These 11 countries could face extreme instability from climate change, says U.S. intelligence
WASHINGTON – The nation’s collective intelligence community identified 11 countries vulnerable to geopolitical instability due to climate change in its first-ever National Intelligence Estimate on Climate Change report.
According to the report, Afghanistan, Burma, Colombia, Guatemala, Haiti, Honduras, India, Iraq, Nicaragua, North Korea and Pakistan are likely to face a slew of extreme weather episodes that pose threats to energy, food, water and health security.
“Diminished energy, food and water security in the 11 countries probably will exacerbate poverty, tribal or ethnic intercommunal tensions and dissatisfaction with governments, increasing the risk of social, economic, and political instability,” said the report from the Office of the Director of National Intelligence, which oversees the nation’s 18 intelligence agencies.

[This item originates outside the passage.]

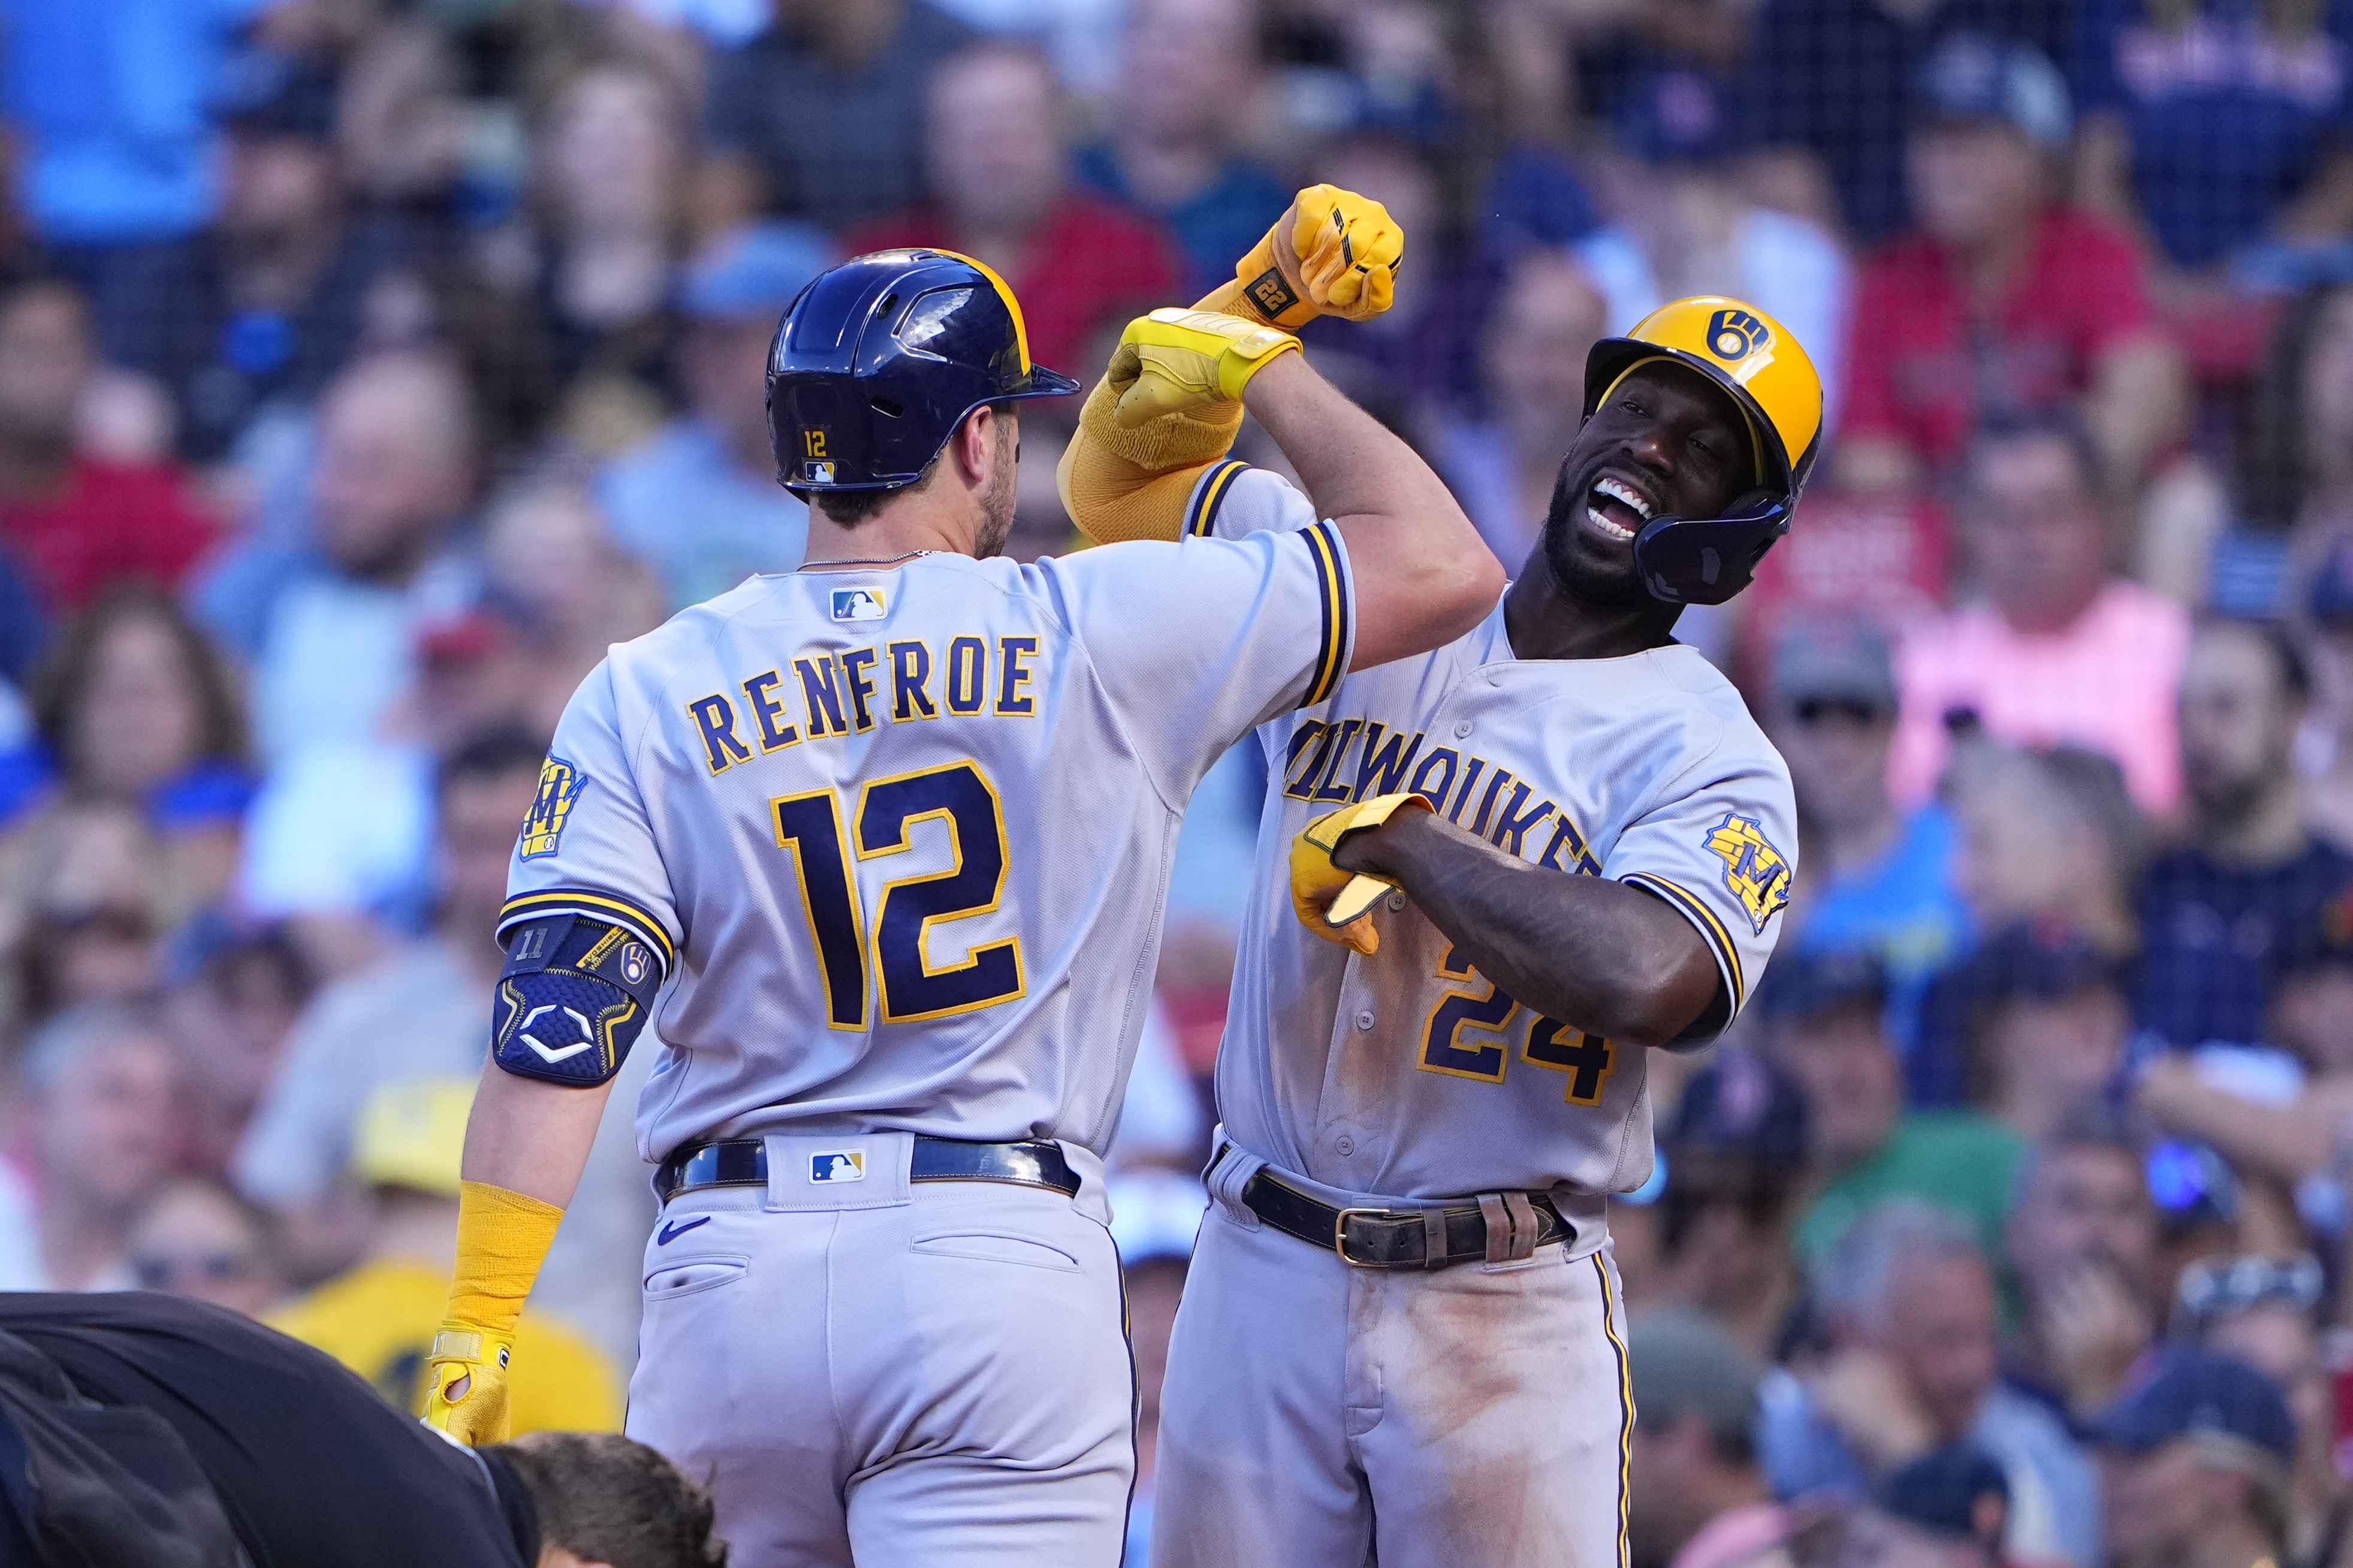 MLB: Milwaukee Brewers at Boston Red Sox
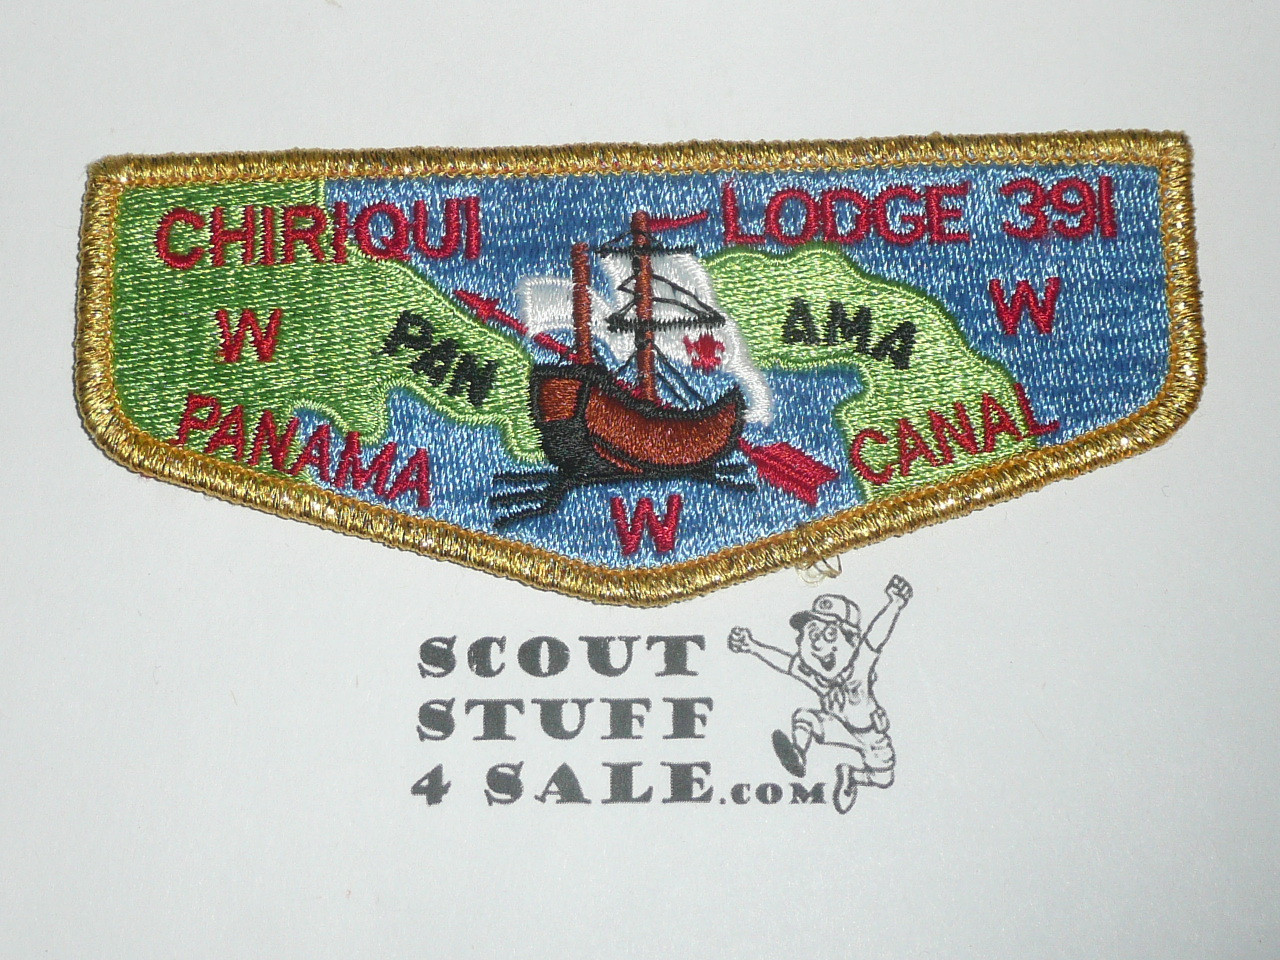 Order of the Arrow Lodge #391 Chiriqui s24 Flap Patch

More generally, “intensifying physical effects will exacerbate geopolitical flashpoints, particularly after 2030, and key countries and regions will face increasing risks of instability and need for humanitarian assistance,” the report said.
The report outlines a number of scenarios:
Rising temperatures and increased precipitation may amplify mosquito and diarrheal disease outbreaks in South Asian and Central American countries, worsening health outcomes and causing additional loss of life.
More frequent and intense cyclones are likely to contaminate water sources, with scientific models suggesting dengue incidence will likely increase in Afghanistan, Guatemala, Haiti, Honduras, India, Iraq and Pakistan.
Climate change will likely accelerate the loss of biodiversity leading to more extinctions of plants and animals that can no longer survive in their traditional habitats and risking ecosystems that global populations rely on for food and medicine.